Руслан не позвонил, зато это сделал его секретарша по имени Марина. Она пригласила Лену в офис фирмы «Звездная дорога», где с Леной разговаривал Вадим Терентьев, младший из менеджеров. Разговор вращался вокруг вопроса о взаимосвязи нудистского фан-клуба и ордена и деятельности того и другого.

Деятельность их обоих в последнее время заключалась в нахальном сборе пожертвований с «Пантеосом» в руках и оригинальными изображениями на груди. Каждая девушка, кроме особо стеснительных, вешала себе на грудь собственную фотографию в позе кающейся грешницы без одежды или на крайний случай — в одежде, не оставляющей сомнений в греховности ее обладательницы. Небольшие такие амулетики. Но за отдельную плату предлагались снимки и покруче.

Девушки с Благословенных островов послушали на улицах коллег из ордена Ангелов Любви, усвоили систему и включили фантазию. Они стали утверждать, что фотографии нагих «островитянок» освящены иерархами церкви Пантеона и через посредство самих «островитянок» связывают тех, кто смотрит на фото, с небесами.
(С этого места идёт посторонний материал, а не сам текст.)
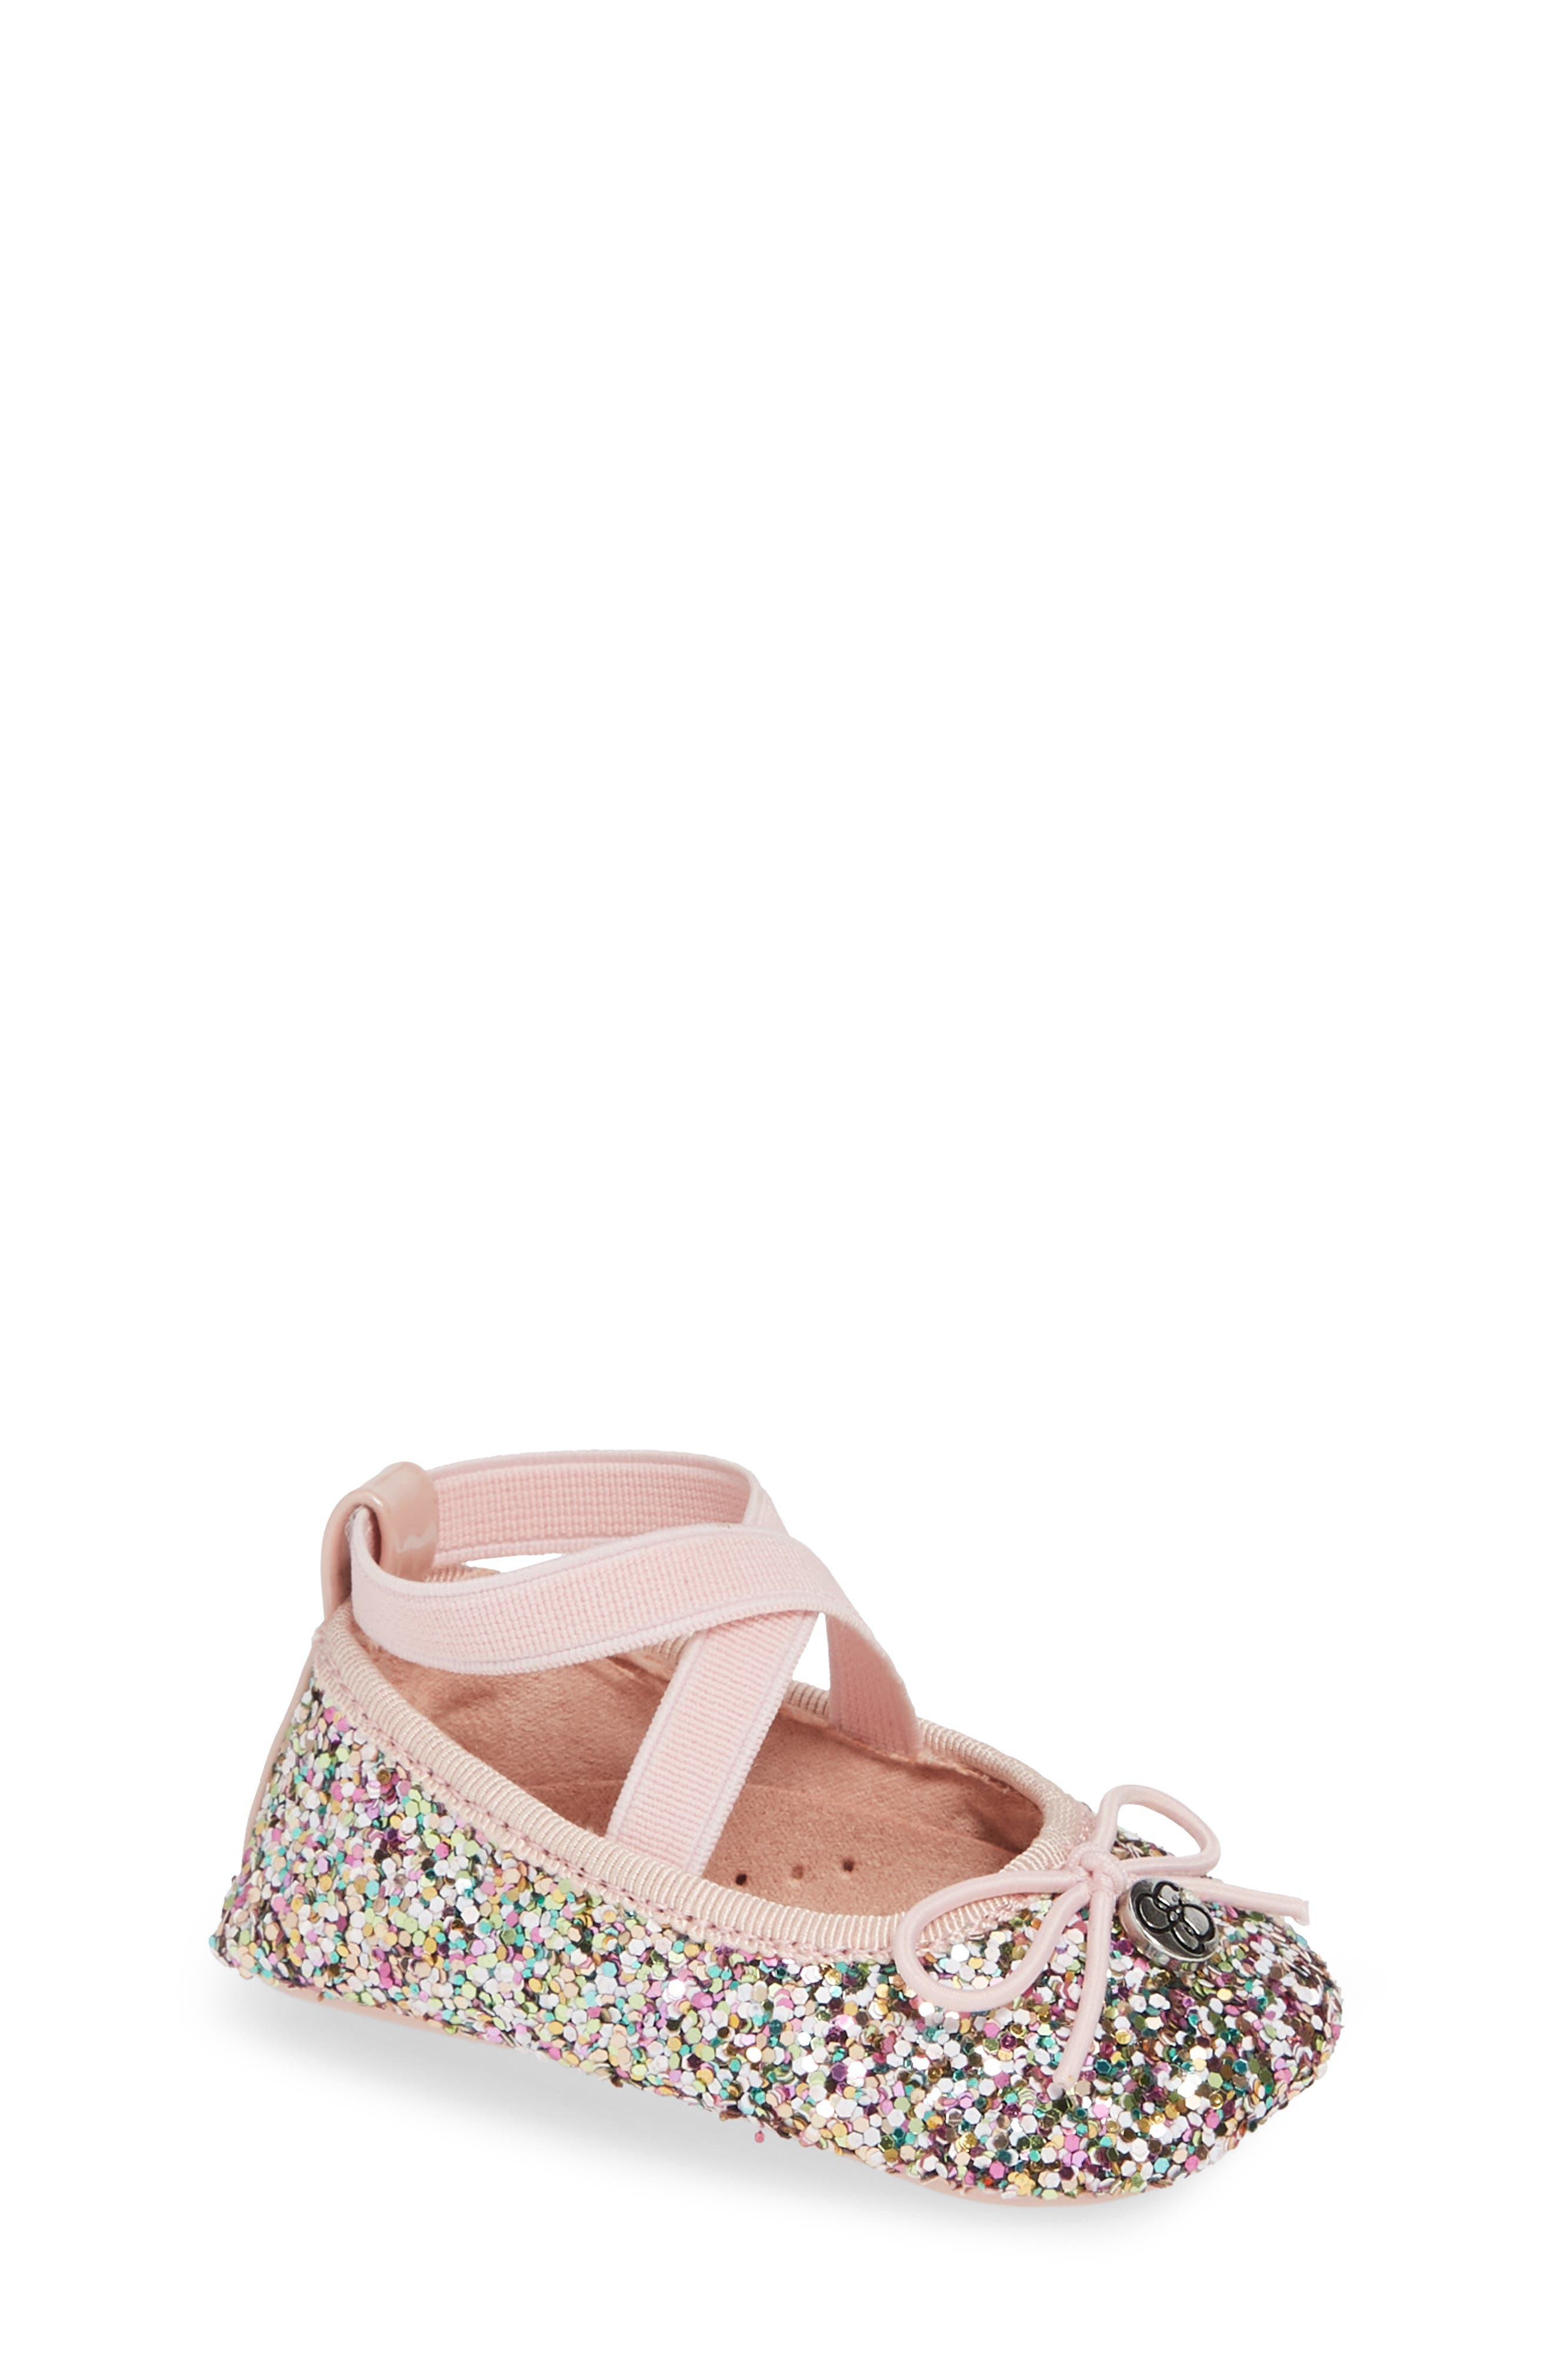 JESSICA SIMPSON, Glitter Mary Jane Crib Shoe, Main thumbnail 1, color, 650

И девушки не продают эти снимки, а отдают даром — но только тем, кто пожертвует церкви бумажные деньги. Причем за рубль отдавали только компьютерную распечатку умеренного качества. Настоящие фотографии ценились дороже, а за пятерку или десятку отдавали негатив — часть пленки или даже целую пленку.

Сниматься в таком виде решались, правда, далеко не все девушки. Некоторые, впрочем, находили компромисс — например, закрывали лицо волосами, вуалью или драпировкой. Друг Жени Журавлевой, фотограф, делал совершенно потрясающие снимки и один — настоящая Мария Магдалина, на коленях лицом к объективу, руки лежат на бедрах ладонями вверх, а волосы скрывают лицо и отчасти грудь — неожиданно для всех взяли в русский «Плейбой». Правда, не как самостоятельный кадр, а как иллюстрацию к статье о Церкви Пантеона — но гонорар фотографу заплатили приличный, а он честно поделился с анонимной фотомоделью (Женя Журавлева подписала бумажку, что на снимке якобы она — хотя на самом деле это была вовсе не она, и «Плейбой» наглым образом обманули, протолкнув туда фотографию несовершеннолетней).

Все это позволило клубу снять, наконец, квартиру, где можно тусоваться постоянно, и кроме того, выкраивать деньги на помещения для разовых мероприятий.

А параллельно разворачивалась война со старшим поколением. Почти все, начиная с Лены Соколовой, оказались втянуты в затяжные семейные скандалы. Особняком стояла только Наташа Цветкова, которая рассказала маме о своем участии в вышеописанной деятельности с неподдельной гордостью. Впрочем, ей было проще — мама находилась в Америке и разговоры шли по телефону.

Лена Соколова, впрочем, тоже погасила скандал довольно быстро. Родители любили ее, она любила их — а это способствует взаимопониманию.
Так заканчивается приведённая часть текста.